Our study provides a comprehensive evaluation of the complex relationship between lipid metabolism regulatory targets and CVD. By identifying causal genes, therapeutic targets, and developing a predictive machine learning model, we have contributed new insights into the pathogenesis of CVD and offered potential strategies for its prevention and treatment. The machine learning model, in particular, presents a promising tool for the diagnosis and prediction of CVD, with potential implications for personalized medicine and clinical decision-making. Future research should focus on further validating our findings in larger and more diverse ethnic populations, as well as exploring the functional mechanisms underlying the identified genetic associations. The directionality or causality of these identified genes in CVD needs to be validated in genetically modified animal models. Further studies are warranted to evaluate whether our machine learning model adds additional value to the diagnosis, prediction, and prognosis of CVD on top of LDL-based lipid risk and hypersensitive C-reactive protein (hs-CRP)-based inflammatory risk assessment. Last, clinical trials are also necessary to assess the effectiveness and safety of the potential treatments identified in CVD patients.

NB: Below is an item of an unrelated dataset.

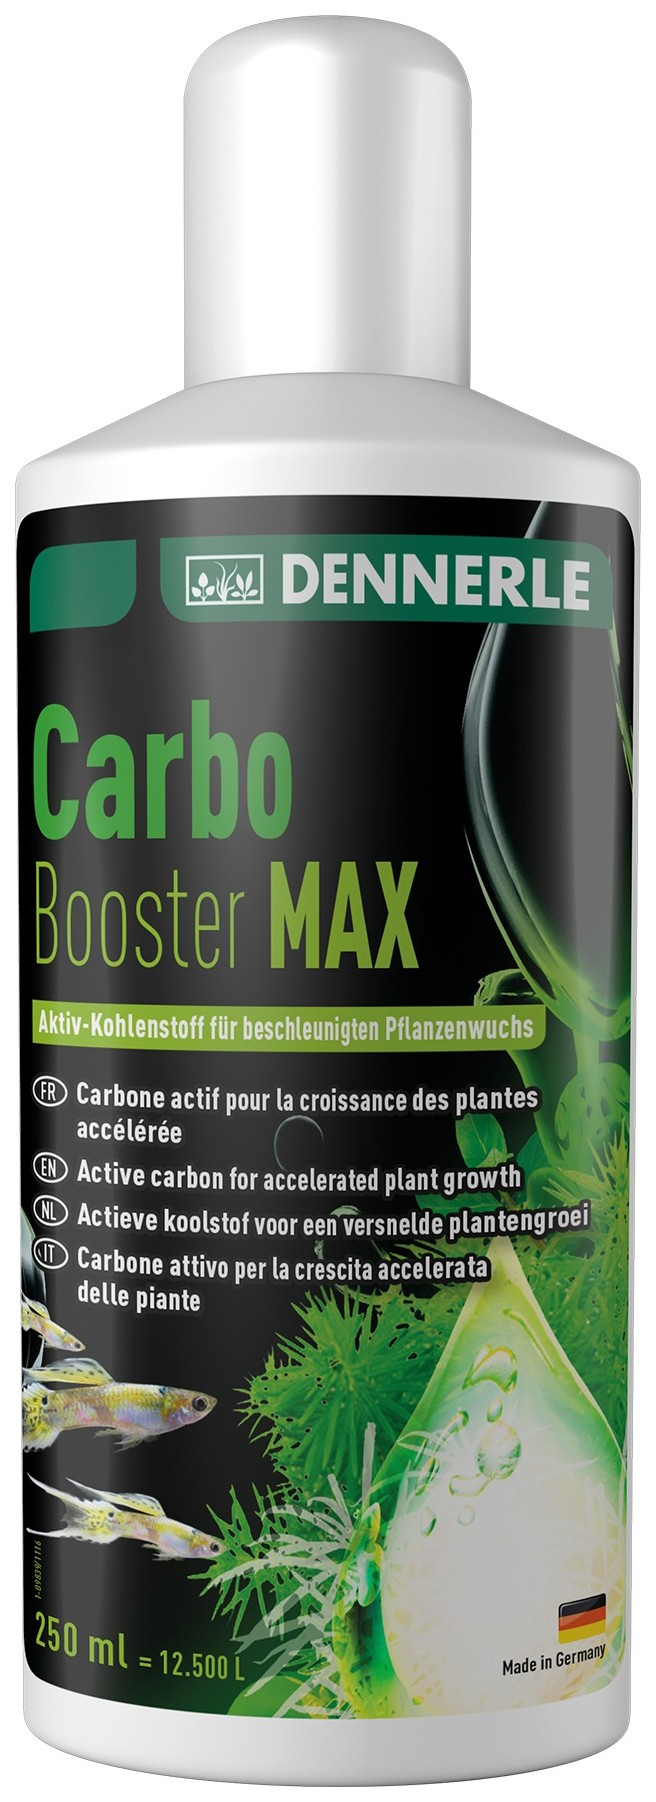 Dennerle Carbo Booster Max Carbone liquido per le piante

The description of the analytical workflow and research design is depicted in Fig. 1. Our analysis consists of 2 parts: First, we prioritize candidate diagnostic and therapeutic biomarkers for CVD among lipid metabolism-regulating targets using methods such as GWAS analysis, MR analysis, colocalization analysis, and PheWAS analysis. Second, based on these candidate targets, we identify potential targeted therapeutic drugs and predictive diagnostic biomarkers for CVD by integrating drug–target association databases and serum proteomic data. All data sources are shown in Table S1.

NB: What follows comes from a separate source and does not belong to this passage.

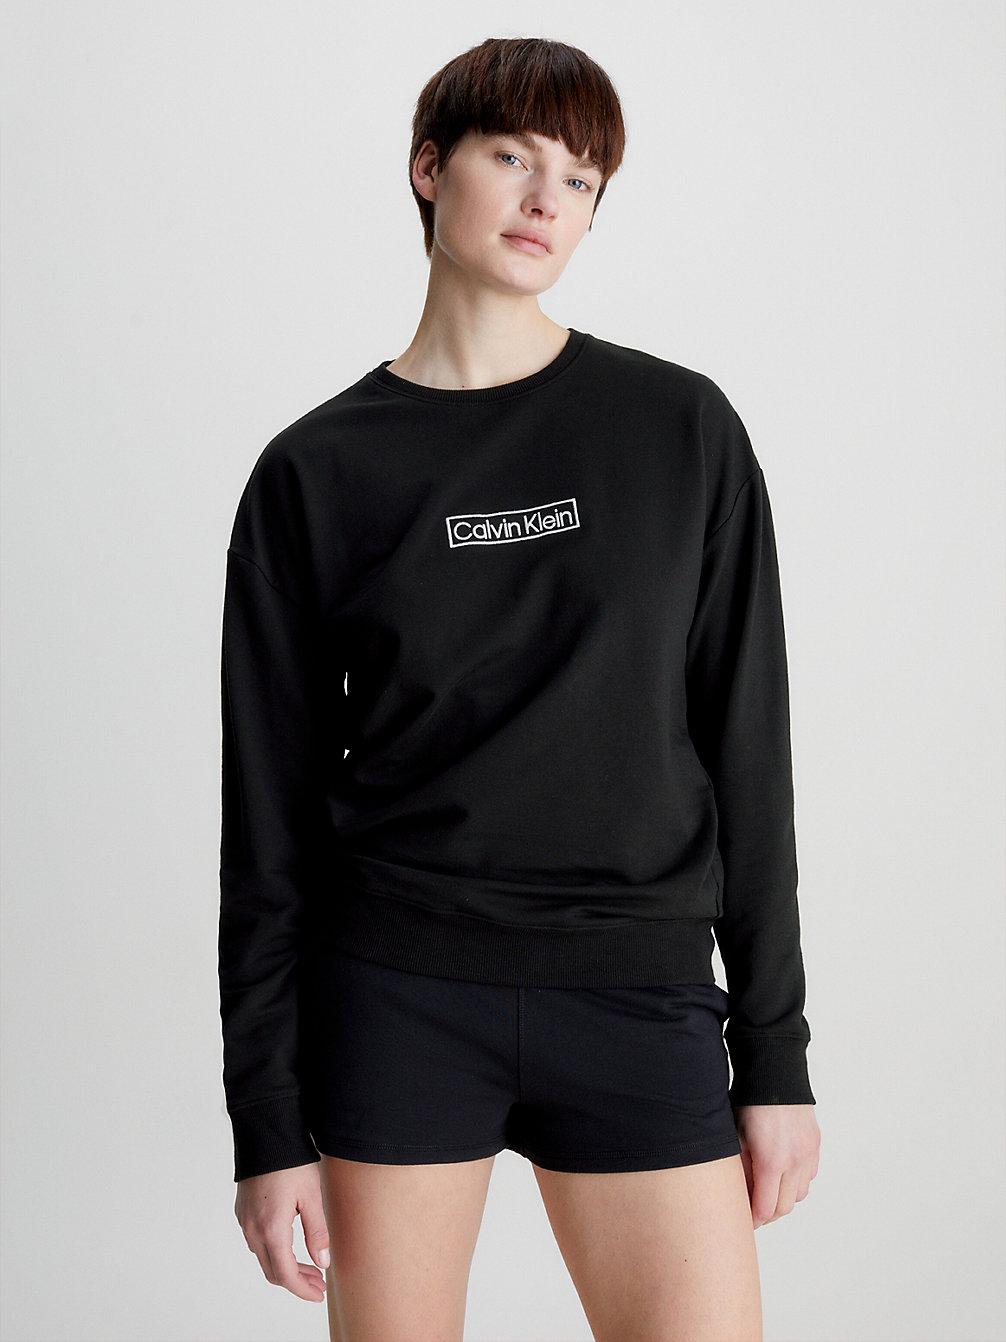 Loungesweatshirt - Reimagined Heritage > BLACK > undefined donna > Calvin Klein

As depicted in Fig. 1, we embarked on this endeavor by collecting data from 2 reputable databases: KEGG and Reactome. Specifically, we gathered 440 genes associated with 15 lipid metabolism-related signaling pathways from the KEGG database (Table S2). Additionally, we obtained 759 genes linked to 10 lipid metabolism regulatory signaling pathways from the Reactome database (Table S3). To create a unified list of genes relevant to lipid metabolism regulation, we merged these 2 datasets, resulting in a total of 881 unique genes (Table S4). Subsequently, we identified corresponding potential quantitative trait locus (QTLs) for each gene in the eQTLGen and deCODE databases. Ultimately, we matched 25,115 QTLs (with P ≤ 1.00 × 10−5) that correspond to 609 genes (Table S5).
In this study, we acquired data on the relationships between gene-related single-nucleotide polymorphisms (SNPs) and CVD from the integrative epidemiology unit (IEU) OpenGWAS project (accessible at https://gwas.mrcieu.ac.uk). This resource encompassed 4 cohorts: ebi-a-GCST90086053 (consisting of 56,637 samples) [28], finn-b-I9_CVD (comprising 218,792 samples) [29], ebi-a-GCST90038595 (484,598 samples) [30], and ebi-a-GCST90029019 (477,807 samples) [31]. For MR analysis, we designated the ebi-a-GCST90086053 cohort as the discovery set and the finn-b-I9_CVD cohort as the replication set. To bolster statistical power, we conducted a meta-analysis of the 2 GWAS datasets and subsequently performed colocalization analysis using the combined GWAS meta-analysis results derived from ebi-a-GCST90038595 and ebi-a-GCST90029019. The meta-analysis was executed utilizing RStudio (2024.04.2+764). Genetic variants exhibiting a significant association with CVD at a threshold of P < 5.00 × 10−8 in this meta-analysis and demonstrating minimal linkage disequilibrium (LD) (R2 < 0.001) were chosen as instrumental variables for CVD in the inverse MR analysis.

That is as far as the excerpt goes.